Turns out the single-ref-destructive-update optimizations are more
difficult to accomplish, even with a micro-gc. The problem is that
refs from the stacks aren't counted.
To explain, let's start with the case where we want to keep the
optimization pike currently does:
array a = ({0});
for (int i = 1; i < 1000; i++)
a += ({i});
(To make the example simpler, I start out with the array ({0}) instead
of the empty array ({}) since the empty array always is shared.) Here
pike can be destructive on the array in a since there are no other
refs to it, and hence it can overallocate it and append new elements
to the end efficiently.
With the micro-gc, we can tell in `+= that there are no refs to the
array from anywhere but the stack. Now consider this case:
array a = ({0});
array b = a;
for (int i = 1; i < 1000; i++)
a += ({i});
After this, one of course expects a = ({0, 1, 2, ...}) and b = ({0}).

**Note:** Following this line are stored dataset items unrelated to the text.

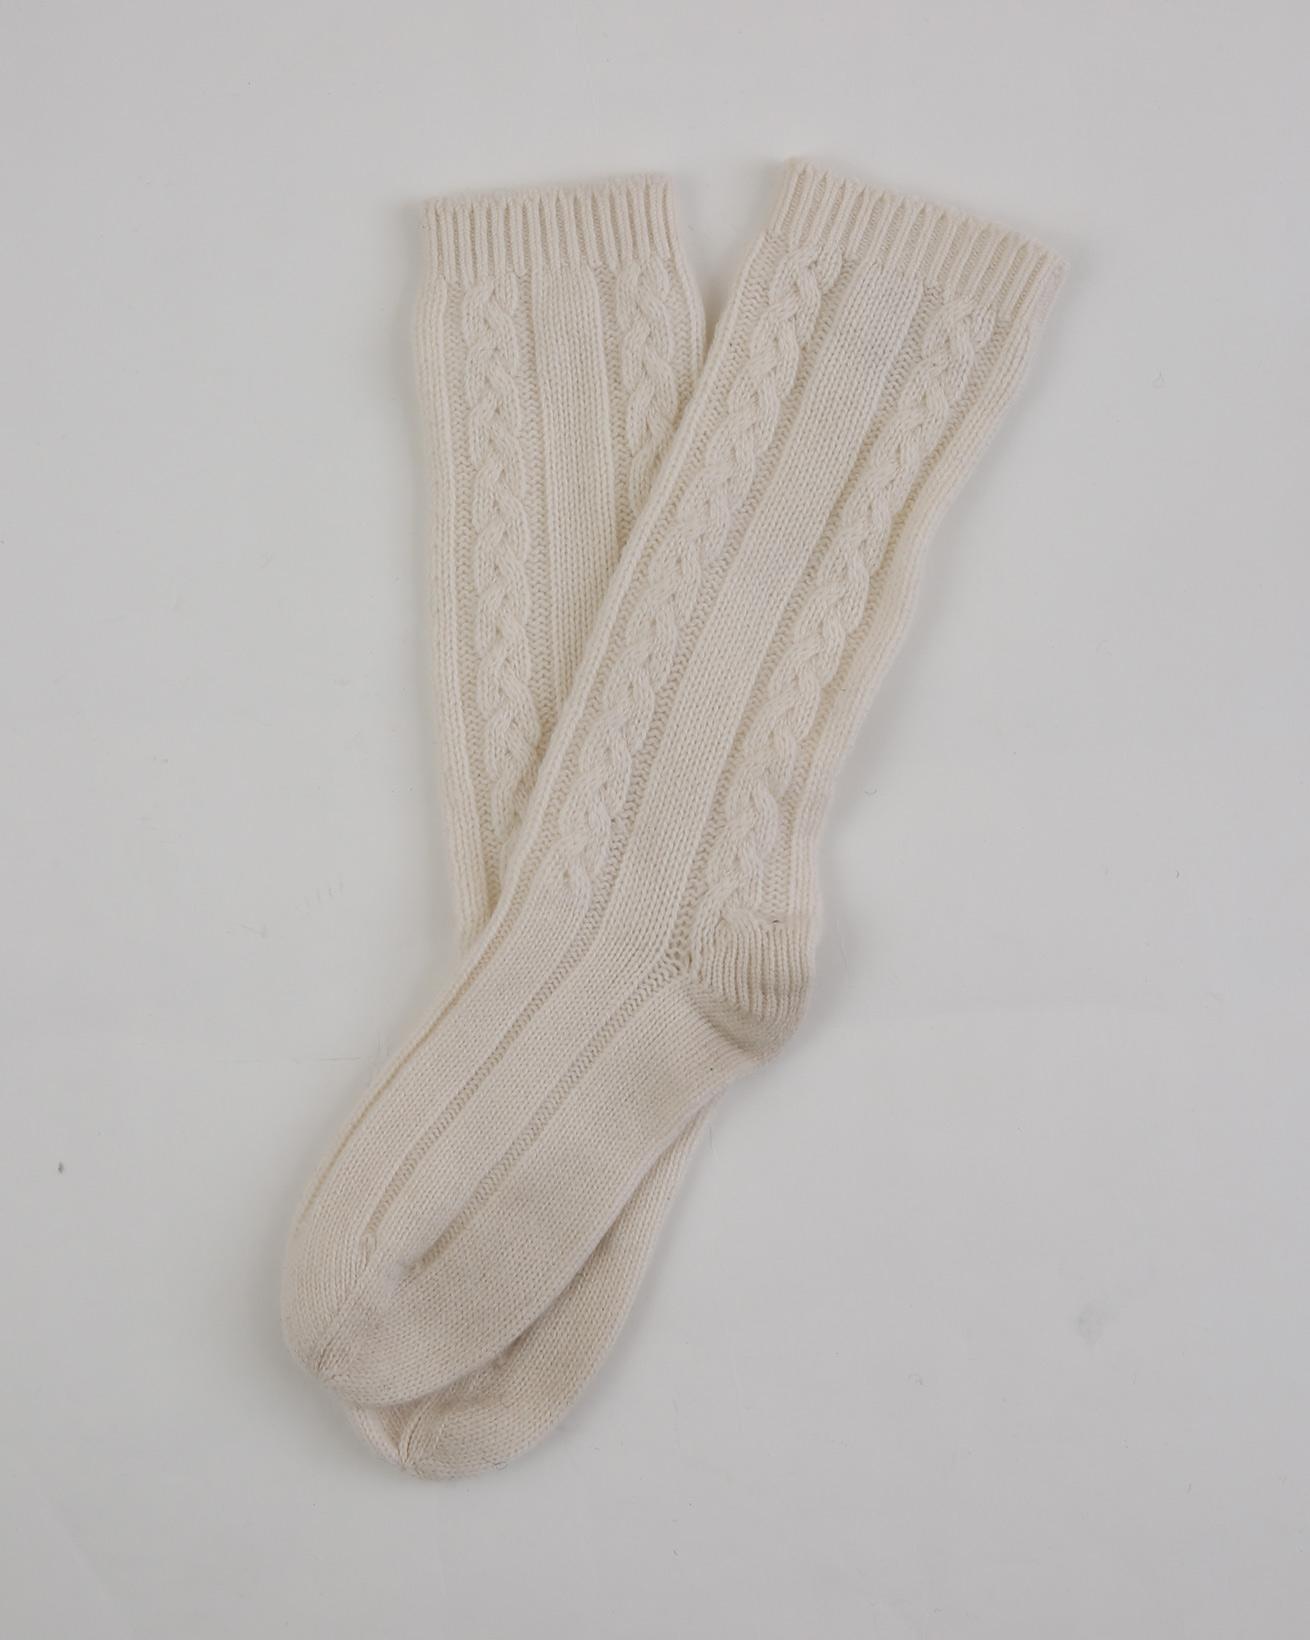 Cashmere Sleep Socks - One Size - Ecru - 1956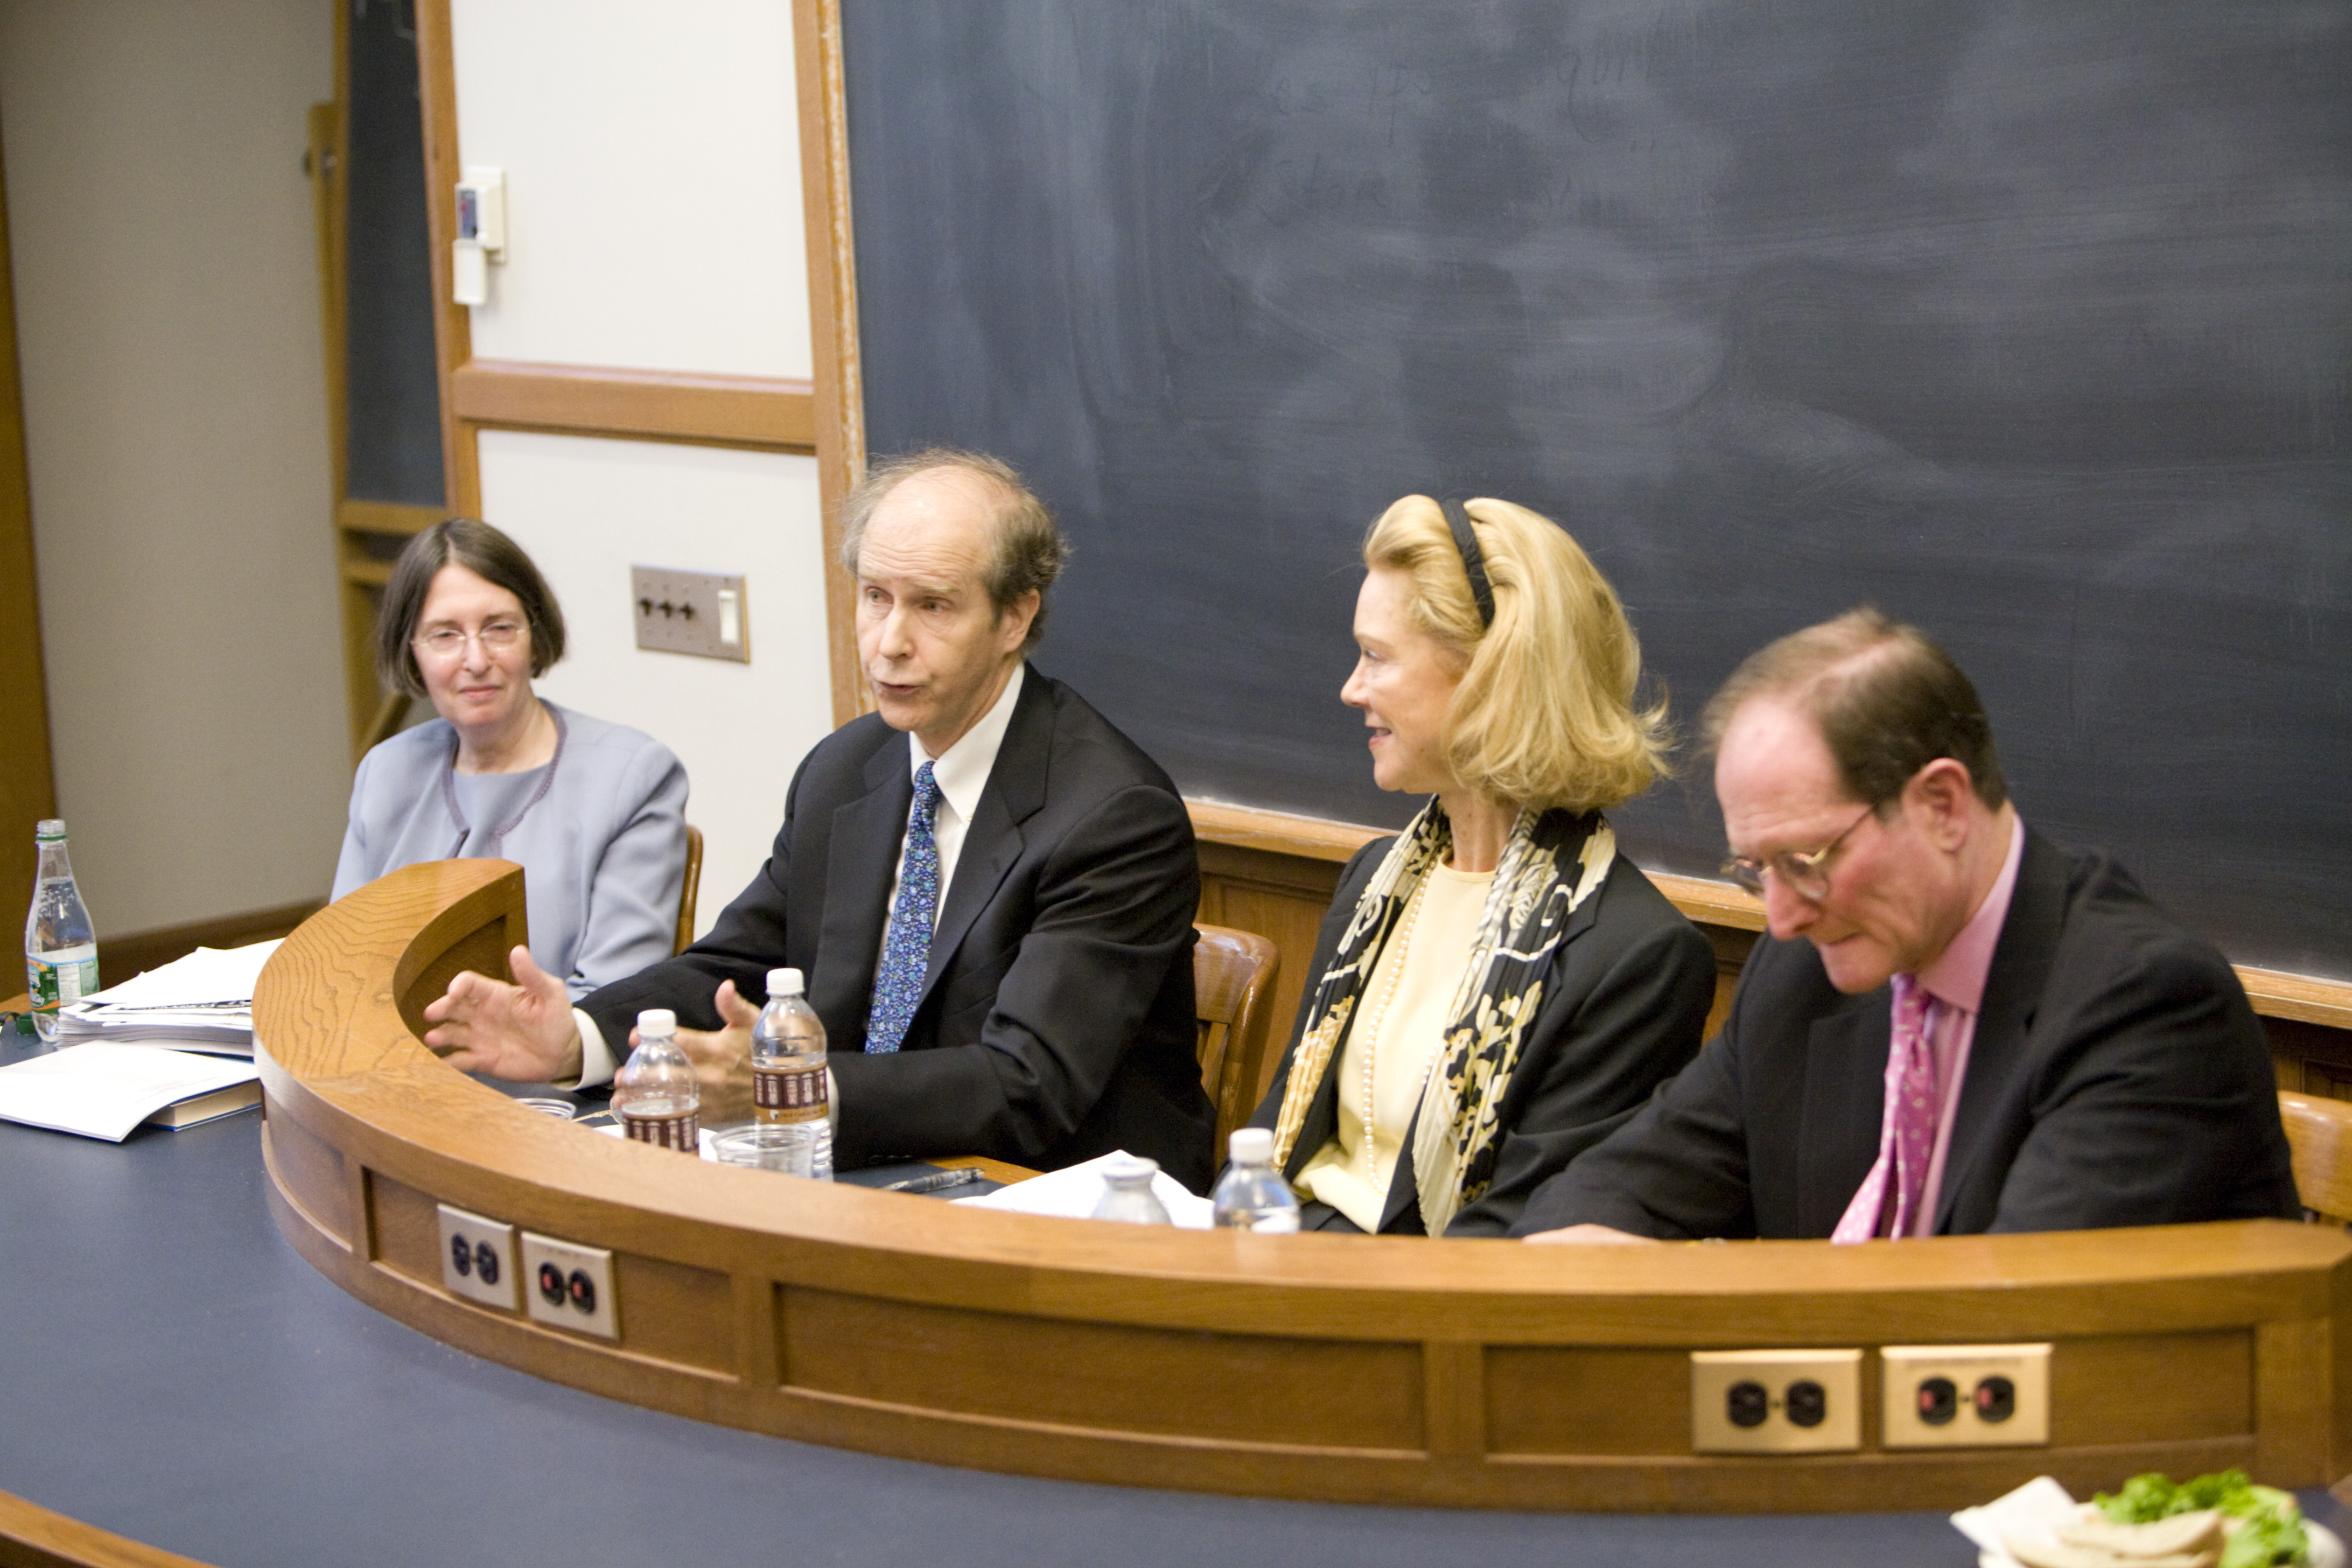 YLS Prof. and Center Dir. Roberta Romano '80, William McDavid '72, Siri Marshall '74, and Ben Heineman '71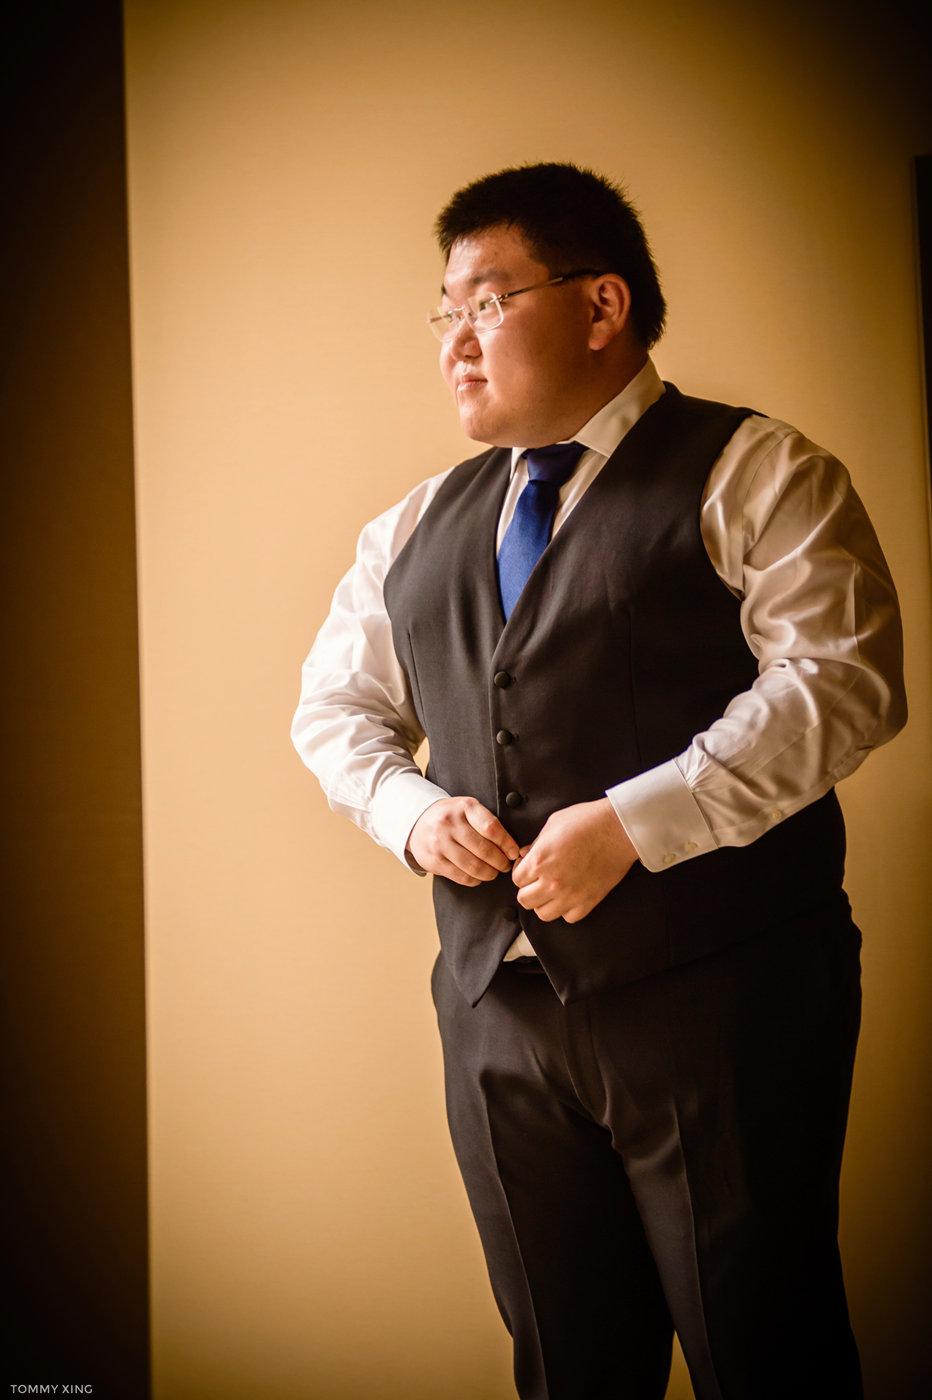 STANFORD MEMORIAL CHURCH WEDDING - Wenjie & Chengcheng - SAN FRANCISCO BAY AREA 斯坦福教堂婚礼跟拍 - 洛杉矶婚礼婚纱照摄影师 Tommy Xing Photography032.jpg

But since we don't count refs from the stack then we don't see the
second ref to the array and might therefore think it's safe to be
destructive, but that would make b = ({0, 1, 2, ...}) too.
So to use the single-ref-destructive-update optimizations we have to
continue to count refs from the stacks. Or at least the pike svalue
stack to cope with the situation above, but there might be situations
when the same occurs with refs from the C stack too.
This is a problem, because I'm convinced there is a _big_ performance
boost in not counting stack refs. So I wonder, is there a way to cope?
One alternative is to extend the array type to explicitly allow adding
elements to the end destructively. It could perhaps look like this:
a[sizeof (a)] = i;
I.e. an indexed assignment to one step past the end. The rationale is
that []= already is destructive, and this is the same sort of
assignment, even though a new slot has to be created in the process.
It doesn't imply that arbitrary elements past the end or before the
beginning can be created the same way.
I'd like an extension like that anyway, because destructive appends
are useful regardless of the amount of refs (and whether the array is
thread local or not). It's also nice to be explicit about it rather
than relying on an optimization.
The problem is of course that old pike code that previously was O(n)
suddenly becomes O(n^2) until it's updated. It doesn't misbehave
though.
Of course, there are many more single-ref-destructive-update
optimizations, but this is by far the most common for which there
currently is no way to be explicitly destructive.